* [WHAT NEEDS TO BE DONE] When you reach the line below that has "25 Diy Built", start returning lines exactly, and stop after the line that has "Brojevi i šifre"; skip the pictures.

* [INFORMATION PROVIDED]
____

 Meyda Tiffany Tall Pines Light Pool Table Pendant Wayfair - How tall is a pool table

____

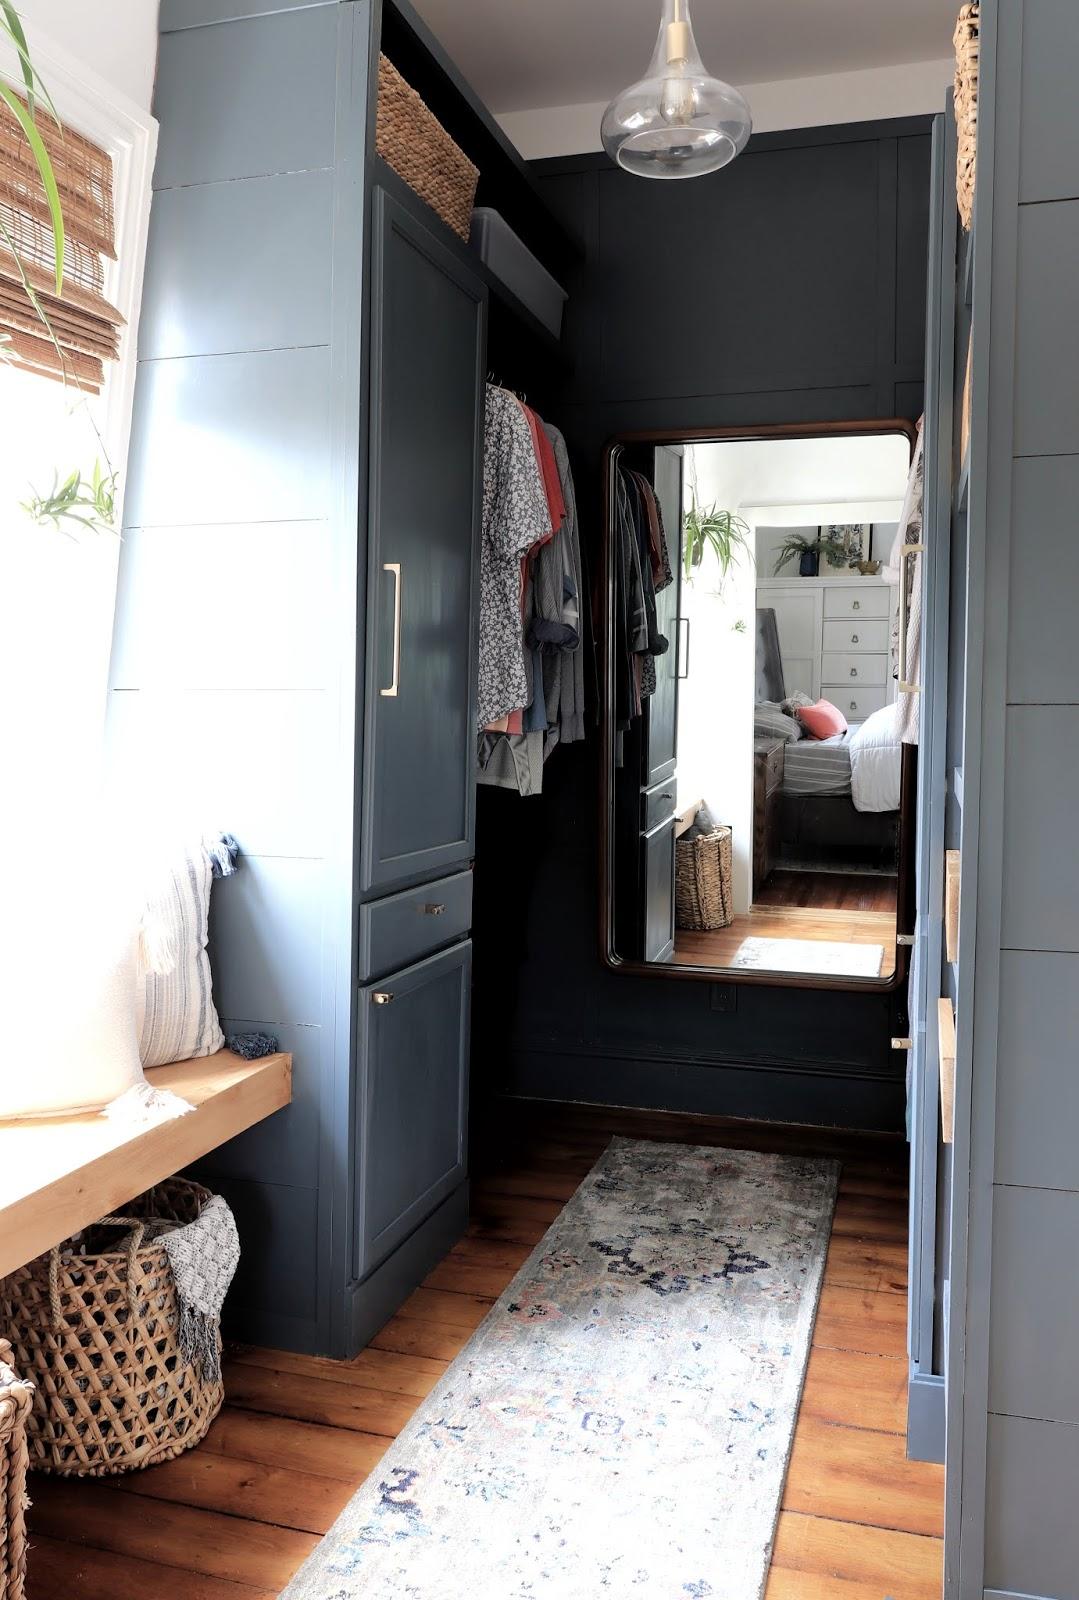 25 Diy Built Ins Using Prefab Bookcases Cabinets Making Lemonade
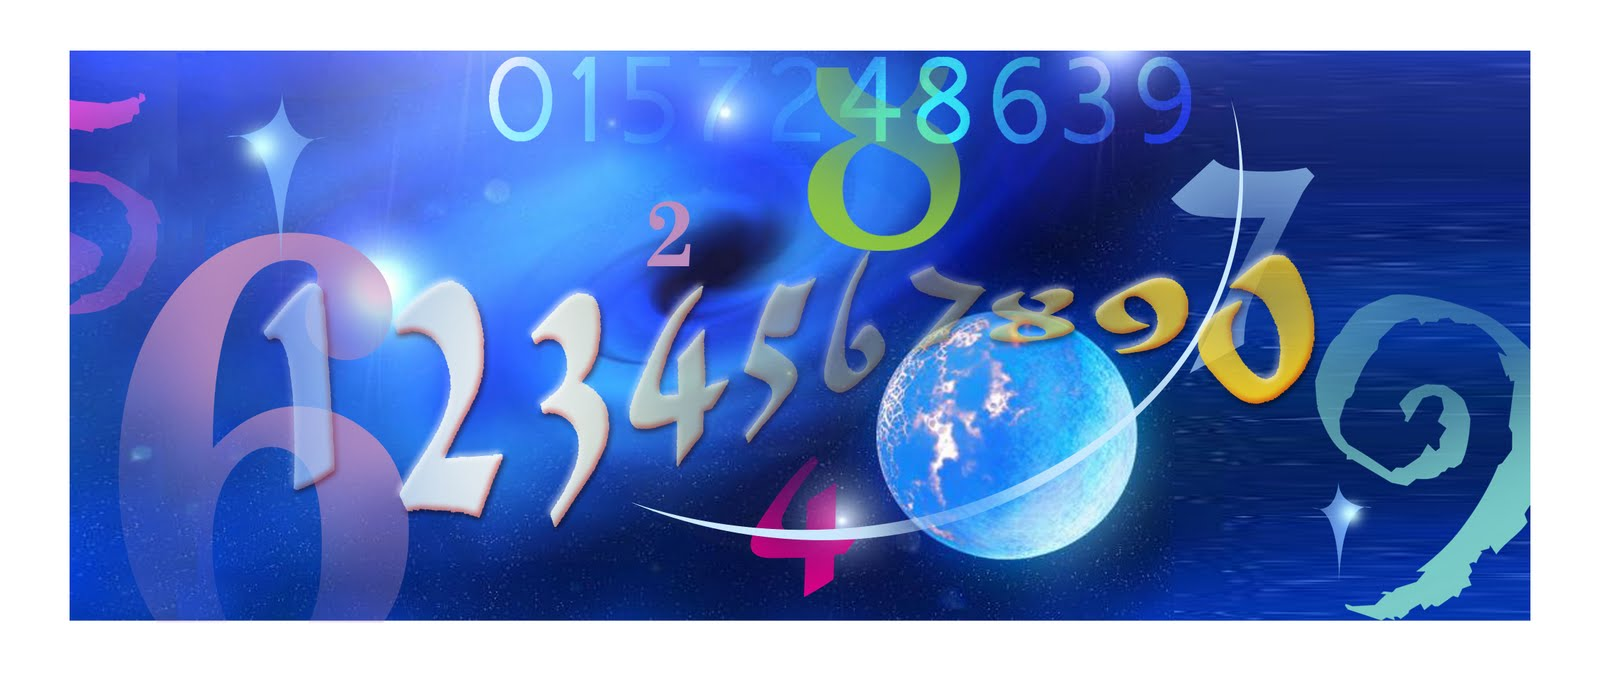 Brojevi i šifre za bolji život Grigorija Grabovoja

____

* [FINISHED TASK]
 25 Diy Built Ins Using Prefab Bookcases Cabinets Making Lemonade
 Brojevi i šifre za bolji život Grigorija Grabovoja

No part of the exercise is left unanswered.